The record-breaking success of ChatGPT and other Large Language Models (LLMs) has sparked significant interest and investment in generative AI. These models have the ability to bridge the gap between humans and machines, leading to the automation and improvement of various aspects of our lives. However, this new technology also presents challenges in terms of energy consumption and e-waste.

Generative AI is expected to power more applications in the coming decade, with models like ChatGPT, DALL-E, GitHub Copilot, and Stable Diffusion already demonstrating their capabilities in creating images, answering complex questions, creating websites, and making programming accessible to everyone. Data centers play a crucial role in providing the necessary infrastructure for running generative AI, requiring high-density power, modular architecture, high-bandwidth connectivity, and advanced cooling.

The main challenge in supporting generative AI is the significant surge in power loads. These models use graphics processing unit (GPU) chips, which consume 10-15 times more energy than traditional CPUs. Many models have billions of parameters and require efficient data pipelines during their training phase, which can take months to complete. For example, ChatGPT 3.5 has 175 billion parameters and was trained on over 500 billion words of text, requiring 300-500 MW of power. This is a substantial increase compared to the typical power requirements of a data center, which range from 30-50 MW.

Forecasting the future power requirements of generative AI is challenging, but it is expected to significantly increase current demands. Analysts predict that global data center capacity could double in five years and quadruple in 10 years, with a potential 25% compound annual growth rate (CAGR) if generative AI is included. This rapid growth in power demands will coincide with the need to address the climate crisis and transition to low-to-no-carbon power sources, such as renewables, microgrids, batteries, hydrogen, and nuclear power.

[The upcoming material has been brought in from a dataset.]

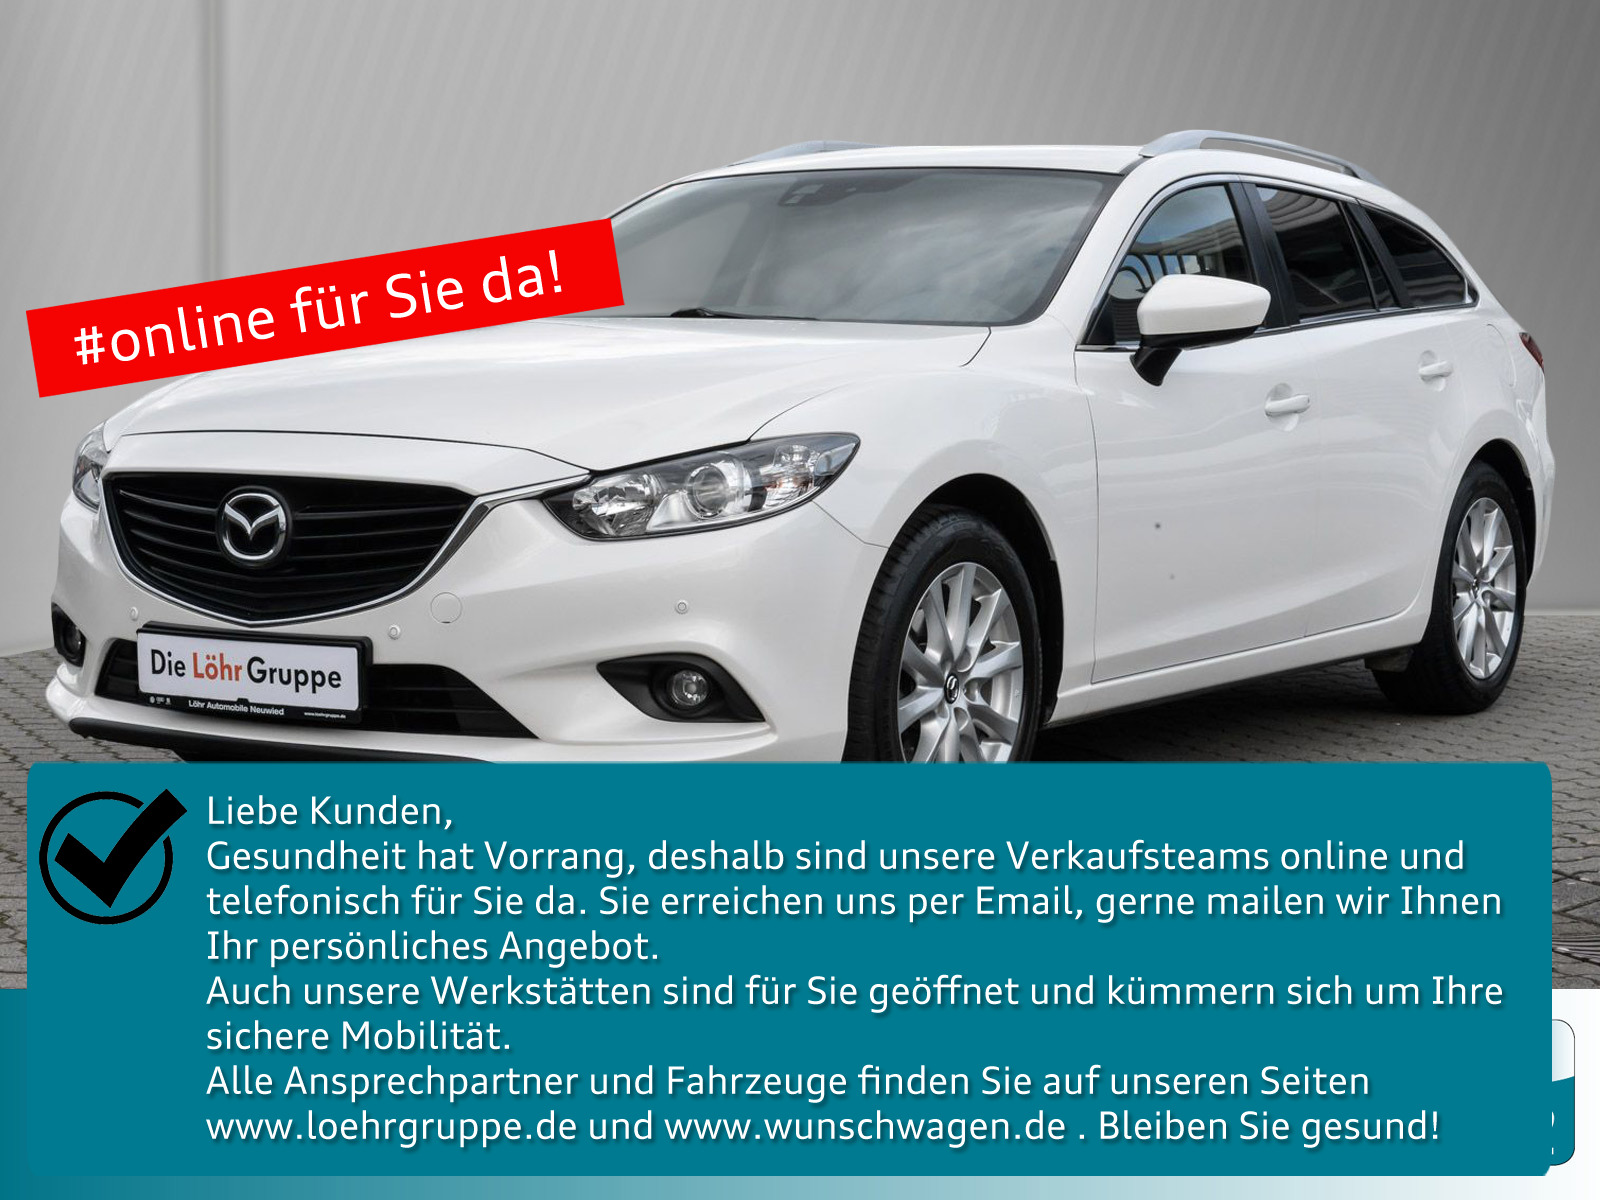 Mazda 6 2.0 Kombi Center-Line / Klimaautomatik/ Navi, Jahr 2015, Benzin
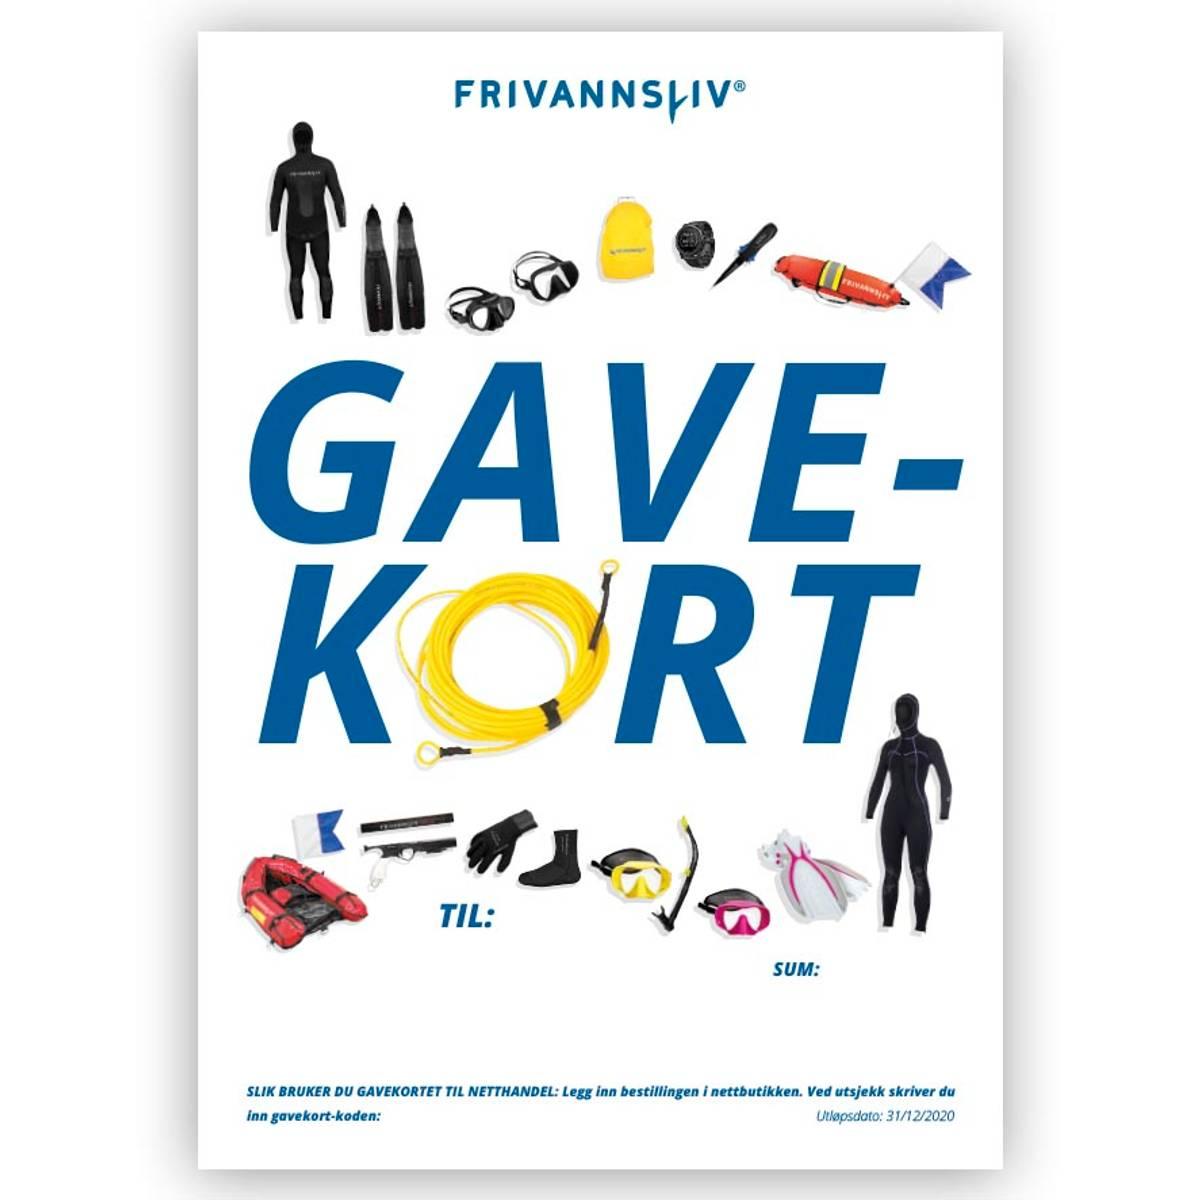 Gavekort Frivannsliv®

Another challenge posed by generative AI is the increase in e-waste. The constant innovation in AI chips and GPUs will lead to the disposal of older equipment, contributing to the already growing e-waste stream. Proper recycling and remarketing of these components will be essential to ensure efficient performance and minimize environmental impact. Although the industry has been slow to integrate sustainable practices, the uptake of IT asset lifecycle optimization, recycling, remarketing, and secure disposal is expected to accelerate.

In conclusion, the success of generative AI has highlighted the need for robust IT infrastructure to support its growth. The challenges of increased power demands and e-waste must be addressed through the use of low-to-no-carbon power sources and effective recycling and remarketing practices. The generative AI revolution will not only transform the industries that utilize its applications but also revolutionize the infrastructure industry that supports it.